In Q2 2010 a prototype Javascript client was developed to test frameworks and the viability (interactivity and performance) of the proposed web browser solution. This was then completely scrapped and re-written at the same time as the Python server was under development in Q3 and Q4 2010. In mid-July 2010 the first rough cast of the TheonUI was made available (as a testing demo only) for ISS in preparation for IGS. There were no custom desktops at this point. In early October 2010 the IGS got their first look at desktops for their review and correction. This was followed in November 2010 by a "live" deployment of the Duty desktops (custom forms) and reports. The Duty process was used as a test model for user acceptance as it was only managed by one user and was not replacing anything currently in the legacy systems. This provided good opportunities for user engagement and feedback. At the same time in Q4 2010 the IGS replacement database system was still being developed. This was also used as a test model for user acceptance as it would be used by the IGS admin solely and was not a replacement to an in-use system. In Q1 2011 this went live for IGS admin use. Live usage of this was highly beneficial for further evaluation and adjustment prior to rolling out the system for ITO admin and BoE use (the most substantive and complex user base, as it was also replacing the core legacy system).
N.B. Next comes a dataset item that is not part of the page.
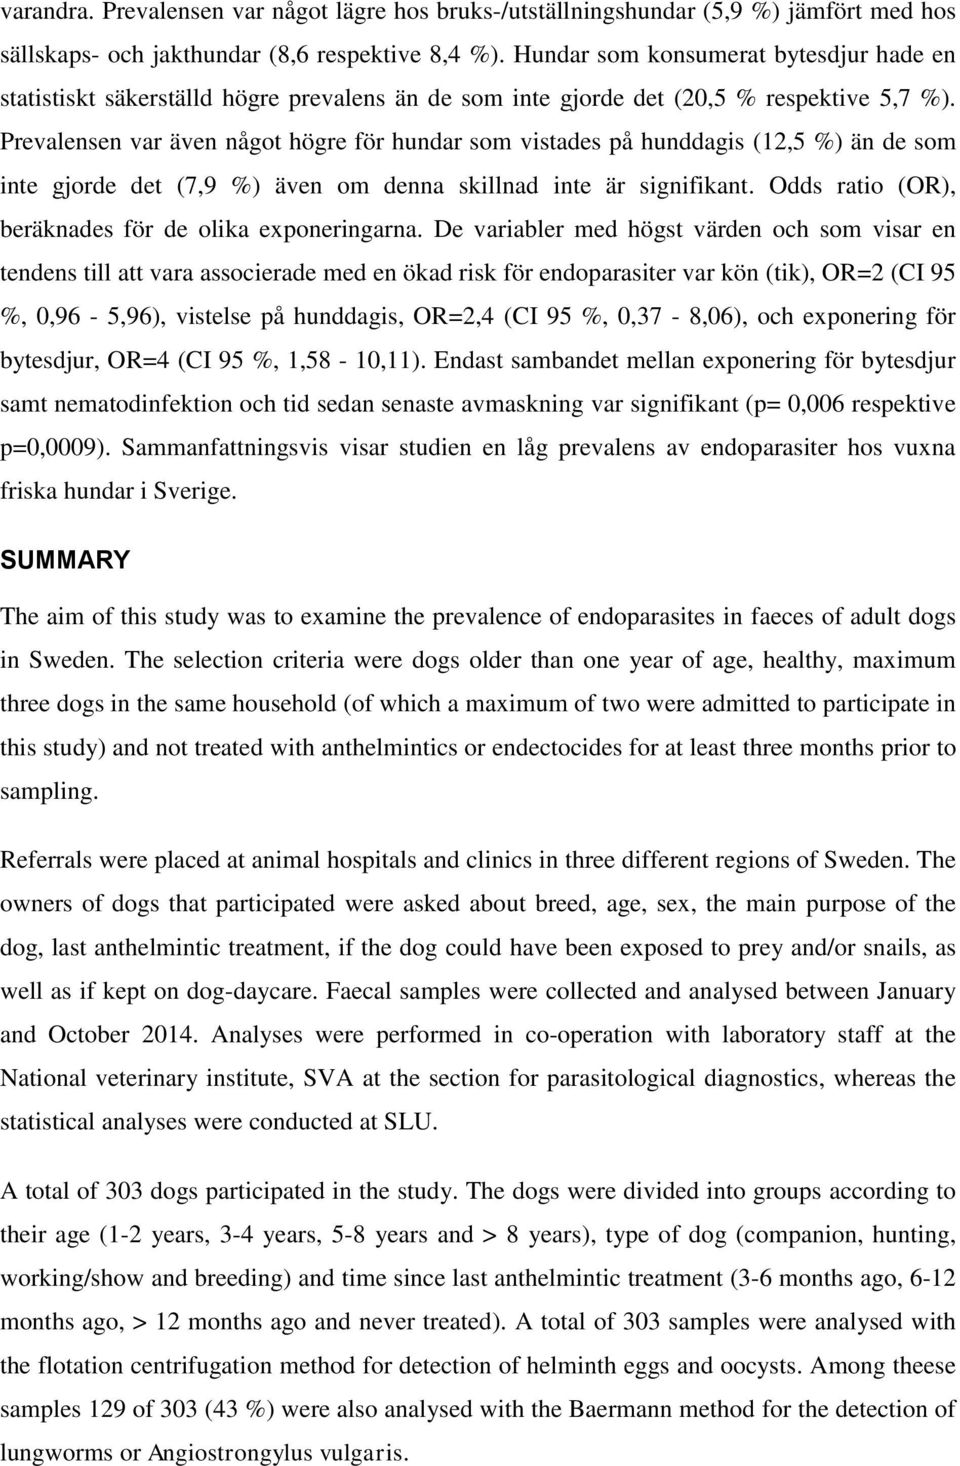 Prevalensen var även något högre för hundar som vistades på hunddagis (12,5 %) än de som inte gjorde det (7,9 %) även om denna skillnad inte är signifikant.
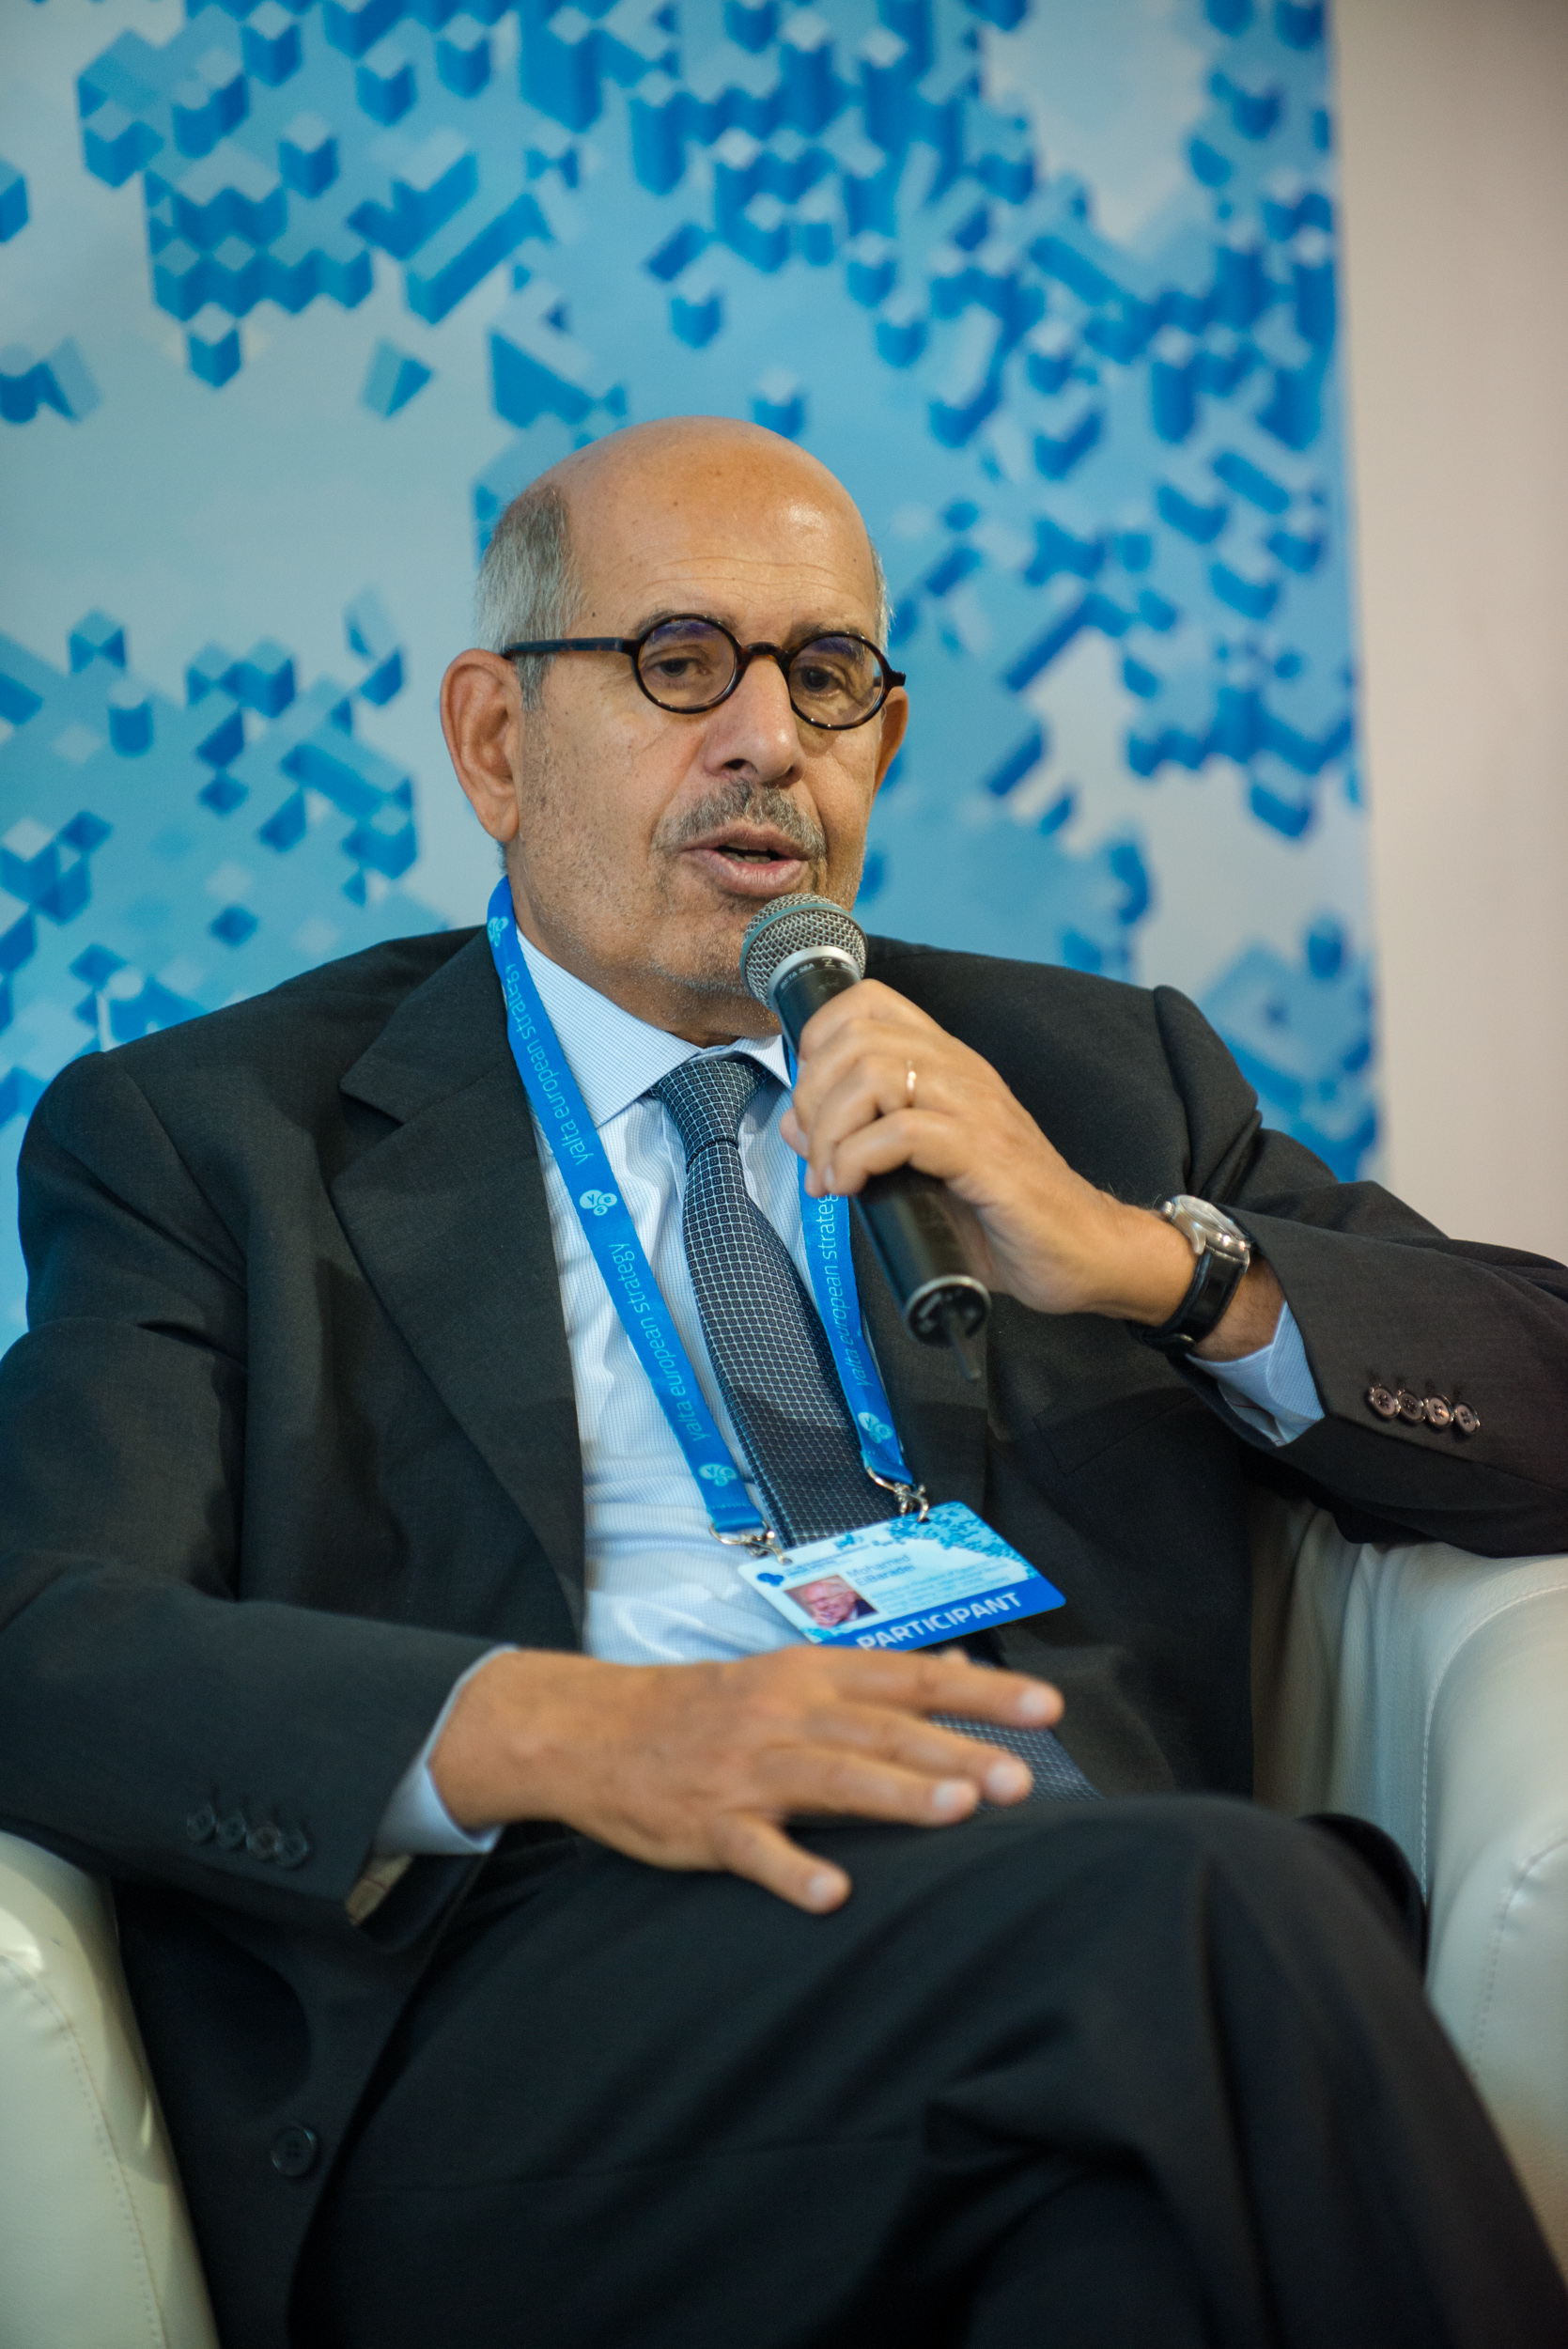 Mohamed ElBaradei photo 3

This switchover for ITO happened in Q3 2011 just prior to the start of the academic session. In late summer 2011 the old client interface was turned off and all users were moved onto TheonUI. In the case of InfHR and CO users this made use of the ability to continue using the legacy desktops imported from the old client. At the time of writing, InfHR still use these legacy desktops (not least because this data is yet to be fully migrated to the 3G model) and ITO still use a few legacy desktops for a a few specific workflow processes which have not yet been migrated to the 3G data model.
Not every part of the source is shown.